By Joe Morris, CPA
For 2022, taxpayers will be entitled to an additional four-cent increase in the standard mileage rate for miles incurred after July 1.
The IRS recently announced the increase in Announcement 2022-13. The standard mileage rate allows for a simplified method for a taxpayer to claim expenses related to operating a vehicle for business purposes, as well as an allocable rate for charitable and moving or medical miles. The applicable rates for 2022 are detailed in the table below.
|January 1 - June 30||July 1 - December 31|
|Business||58.5 cents per mile||62.5 cents per mile|
|Medical/Moving||18 cents per mile||22 cents per mile|
|Charitable||14 cents per mile||14 cents per mile|
A taxpayer can elect to use actual expenses or the standard mileage rate when determining the cost of operating an automobile for business purposes. To use the Standard Mileage Rate Method, the election must be made in the first year the vehicle is placed in service. The election to utilize the standard mileage rate must be performed by the due date of the return, including extensions. The election cannot be revoked; however, it is an annual election allowing the taxpayer to elect to continue using standard mileage rate or use actual expenses in later years.
Costs included in the standard mileage rate include depreciation, gas and oil, insurance, maintenance and repairs, vehicle registration fees and lease payments. Other costs associated with operating the vehicle, such as interest, personal property taxes, and parking fees and tolls, are not included in the standard mileage rate. These additional costs may be claimed by a taxpayer to the extent they are eligible business deductions under IRC Section 162(a).

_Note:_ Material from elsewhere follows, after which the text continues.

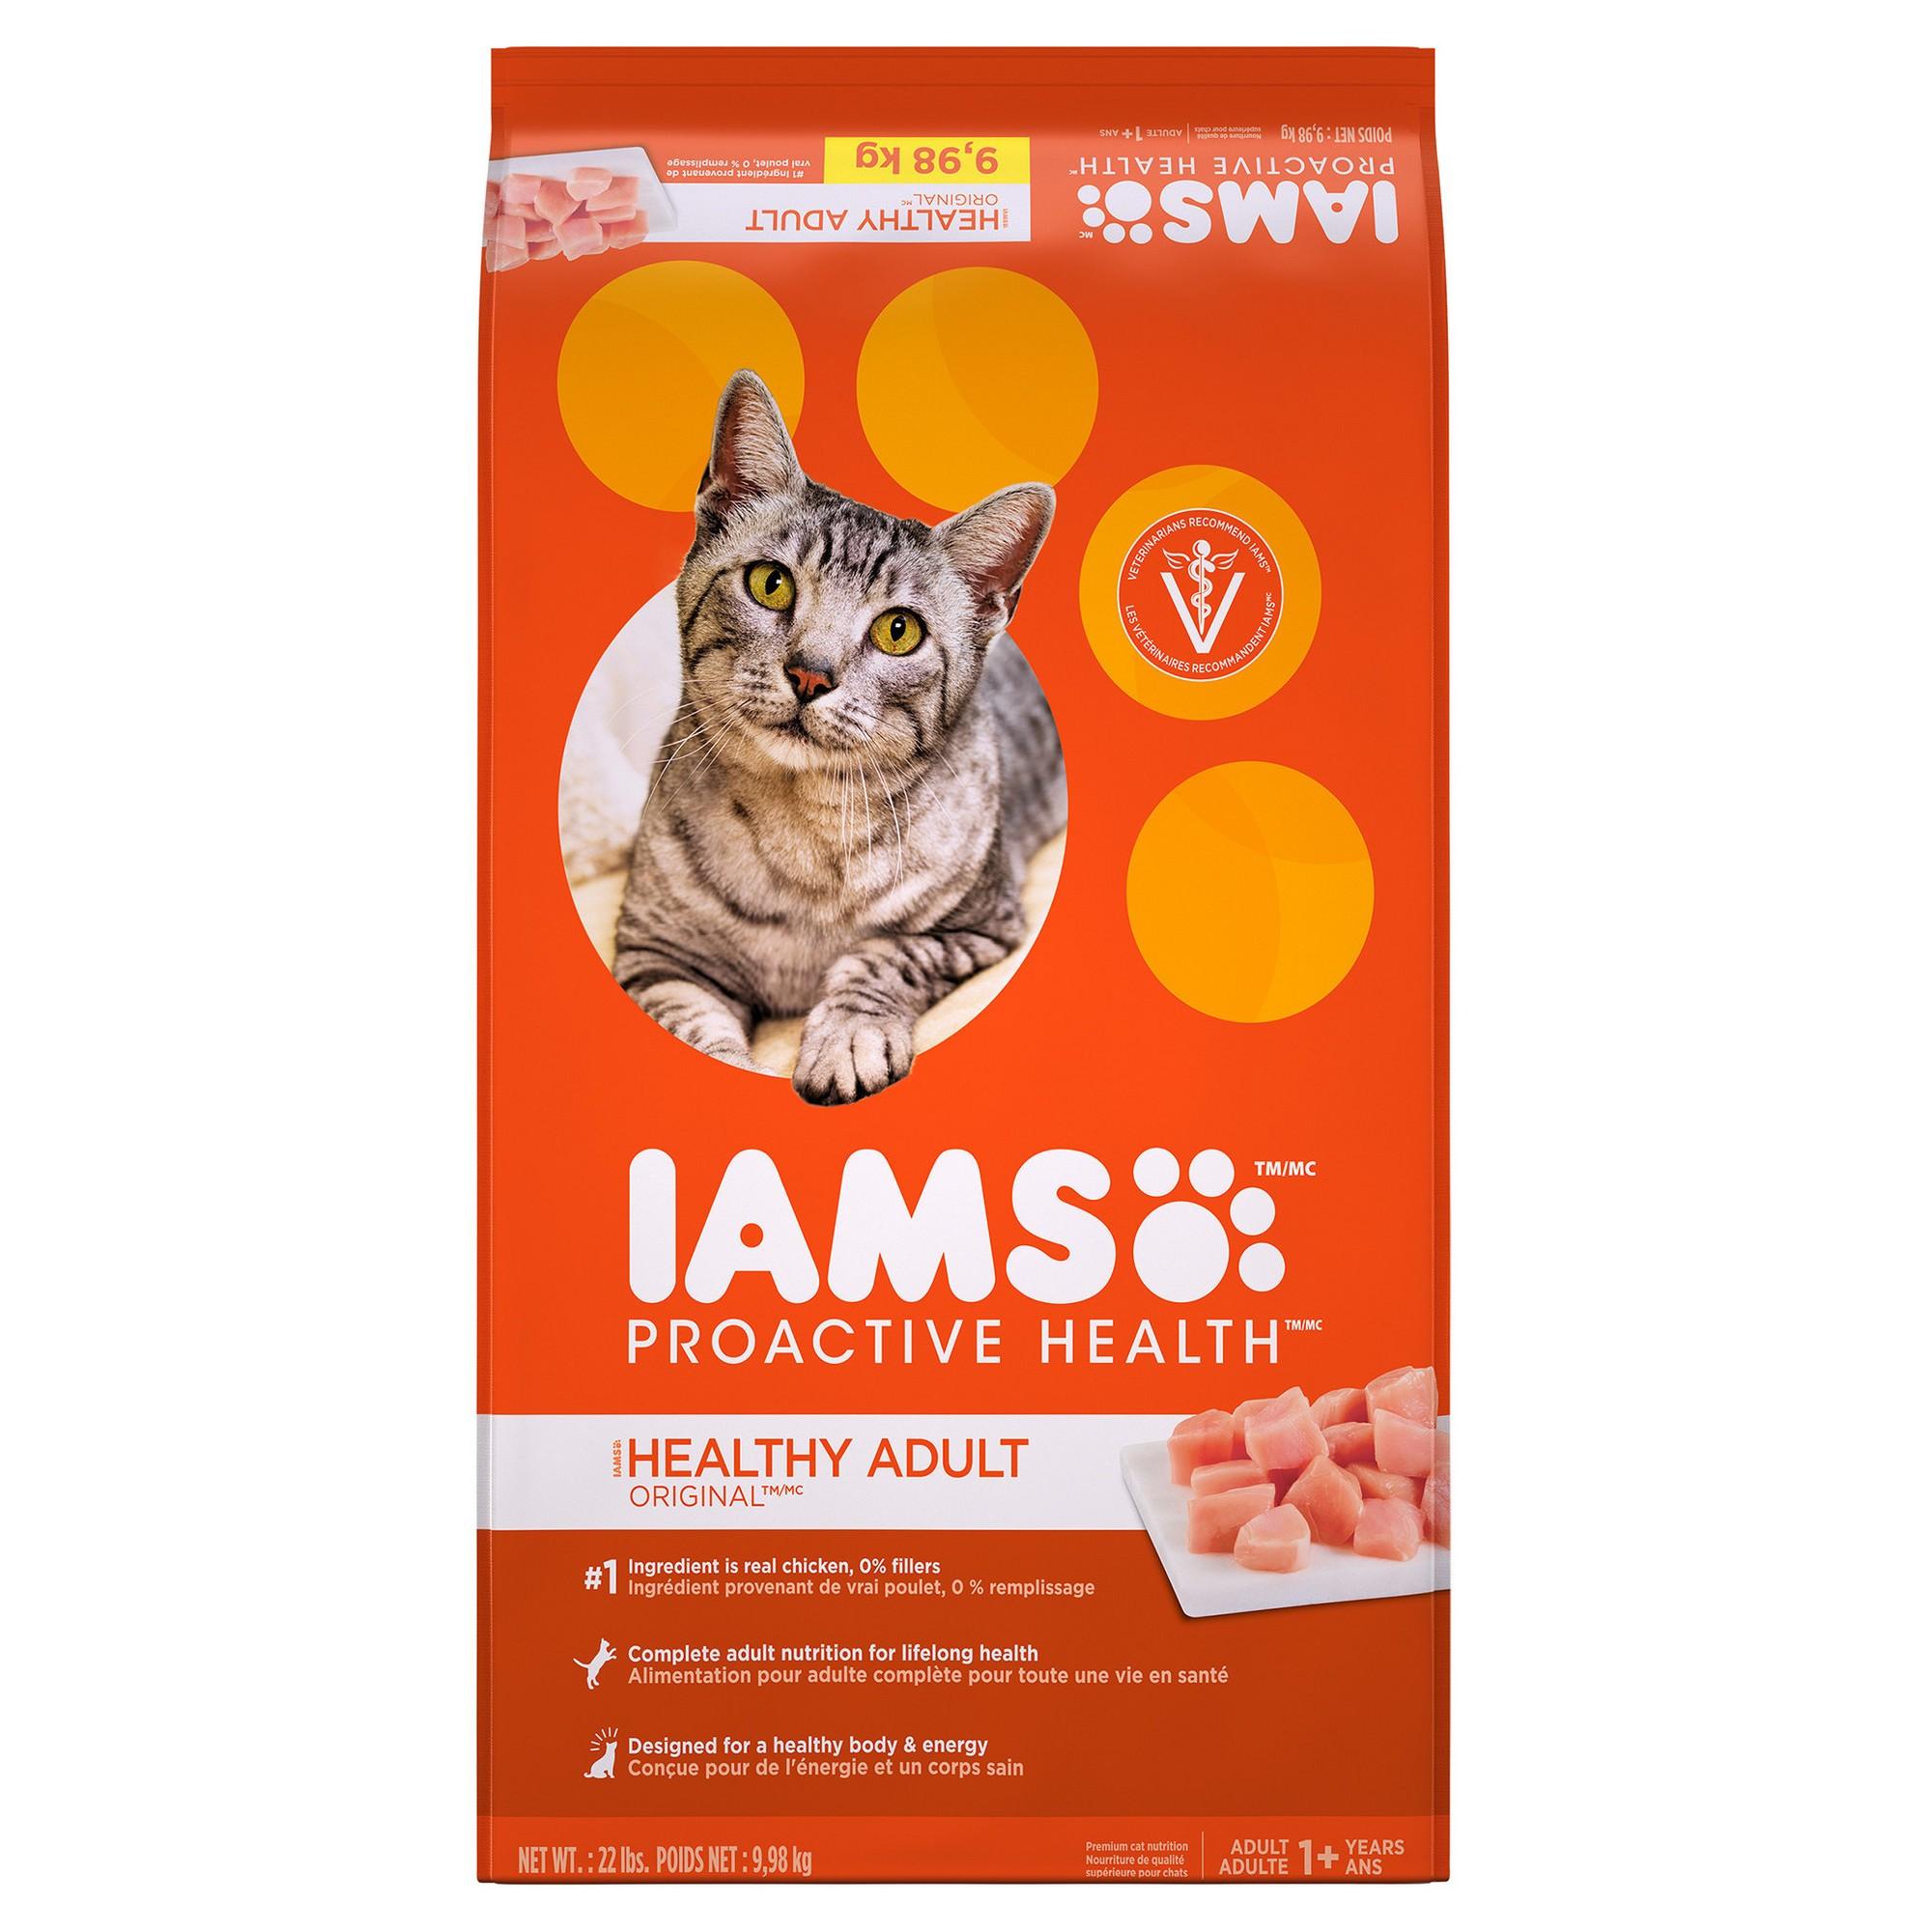 Iams Proactive Health Healthy Adult Original Dry Cat Food 22lbs
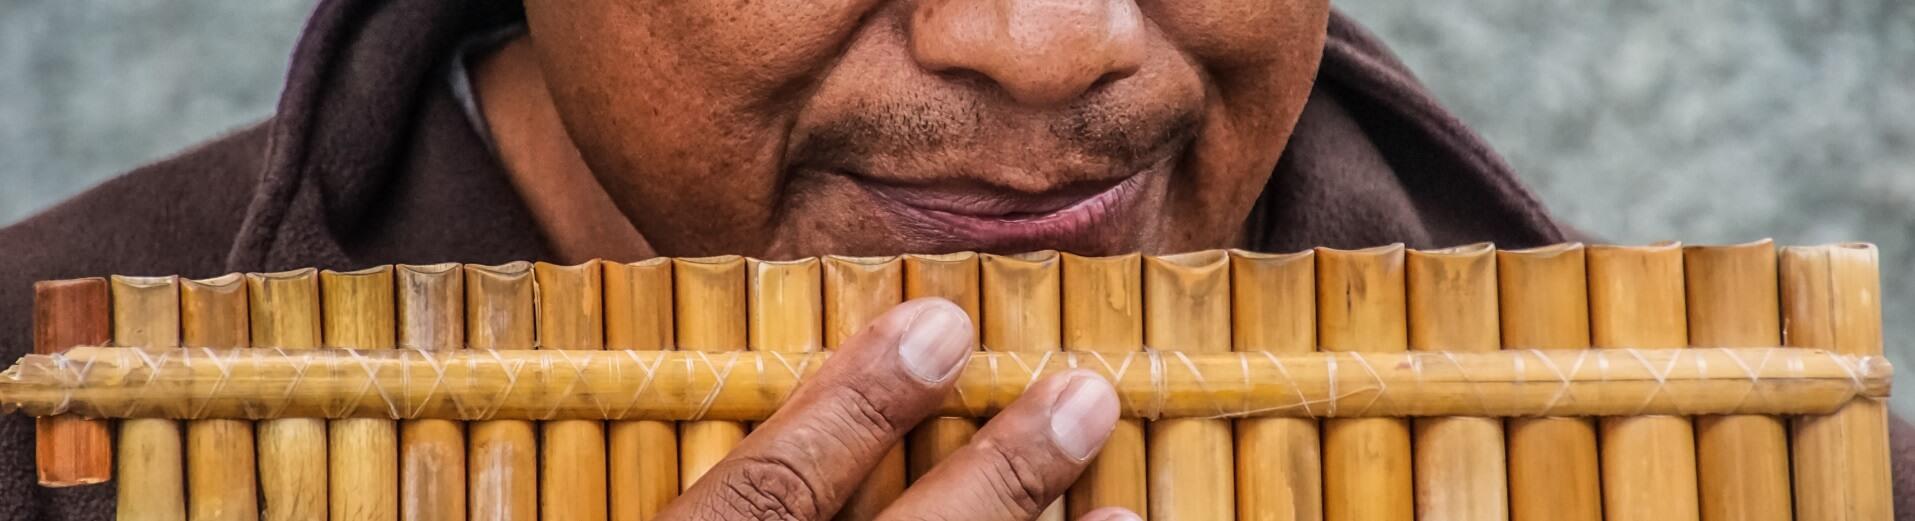 Bambus Instrumente, Percussion, Blasinstrumente aus Bambus

An allowance for depreciation is included in the calculation for the standard mileage rate. The taxpayer must reduce the basis of an automobile by the depreciation component of the standard mileage rate, but the basis cannot go below zero. If the depreciation component of the standard mileage rate exceeds the adjusted basis of the automobile, the automobile is considered fully depreciated, but this does not prevent the taxpayer from continuing to claim the full amount of the standard mileage rate. The depreciation component is used only to compute gain or loss if the vehicle is sold or computing depreciation when switching from the standard mileage rate to the actual expenses method.
Depreciation Component of Standard Mileage Rate
|25 cents||26 cents||27 cents||26 cents||26 cents|
Under Section 262, taxpayers are not entitled to claim an expense for personal or commuting miles. Commuting miles include transportation to and from home to the taxpayer’s primary place of work. For taxpayers with multiple workplaces, or no regular place of work, commuting miles are the transportation mileage from home to the first workplace and the final workplace commuting back home. The hauling of tools or equipment, displaying of advertising, or working during commuting does not change the nature of commuting miles. For example, gig economy drivers such as Uber and Lyft will start their business mileage from their first stop and end with the last stop. The mileage driving to the first stop and back home are considered commuting miles and are not deductible.
Taxpayers are not allowed to utilize the standard mileage rate if:
- More than five vehicles are used at the same time by the business (fleet operation);
- Utilized a method of depreciation other than straight-line depreciation;
- Claimed a Section 179 deduction for the vehicle;
- Claimed special depreciation allowance for the vehicle;
- Rural mail carriers who receive qualified mileage reimbursement; or
- Utilizes an employer provided auto and incurs unreimbursed auto expenses.
Since the passage of the Tax Cuts and Jobs Act of 2017 (TCJA), the deduction for using an automobile as an employee is not currently allowed for most taxpayers due to the suspension of miscellaneous itemized deductions that are subject to the 2 percent Adjusted Gross Income (AGI) limit. While TCJA does not allow for moving expenses, active-duty members of the military may be entitled to the deduction. However, reimbursements under accountable plans are still allowed. Additionally, qualified Armed Forces reservists, fee basis government officials, and certain performing artists may be eligible to claim unreimbursed travel expenses as an adjustment to gross income.
As listed property, a taxpayer must keep adequate records to substantiate qualified business use greater than 50 percent. Records should include date, amount, place, business purpose for the transportation or travel expense. Sampling can be utilized to establish a greater than 50 percent use; however, a taxpayer should still maintain adequate records to verify total mileage claimed. Additionally, taxpayers should maintain substantiation for expenses that are not included in the standard mileage rate as previously discussed.
For further information on utilization of standard mileage rate, the following references are available:
- IRS Publication 463, Travel, Gift, and Car Expenses
- IRS Publication 946, How to Depreciate Property
- Proc. 2021-31
- Proc. 2004-64
- Ruling 99-7
- IRS Notice 2022-03
- IRC §280(F), Limitation on depreciation for luxury automobiles; limitation where certain property used for personal purposes.
Joe Morris, CPA, is the principal and shareholder of Morris Tax and Accounting PLLC in Stigler, Okla. He has more than 15 years of experience in tax and accounting and is a current member of the OSCPA's Taxation Committee.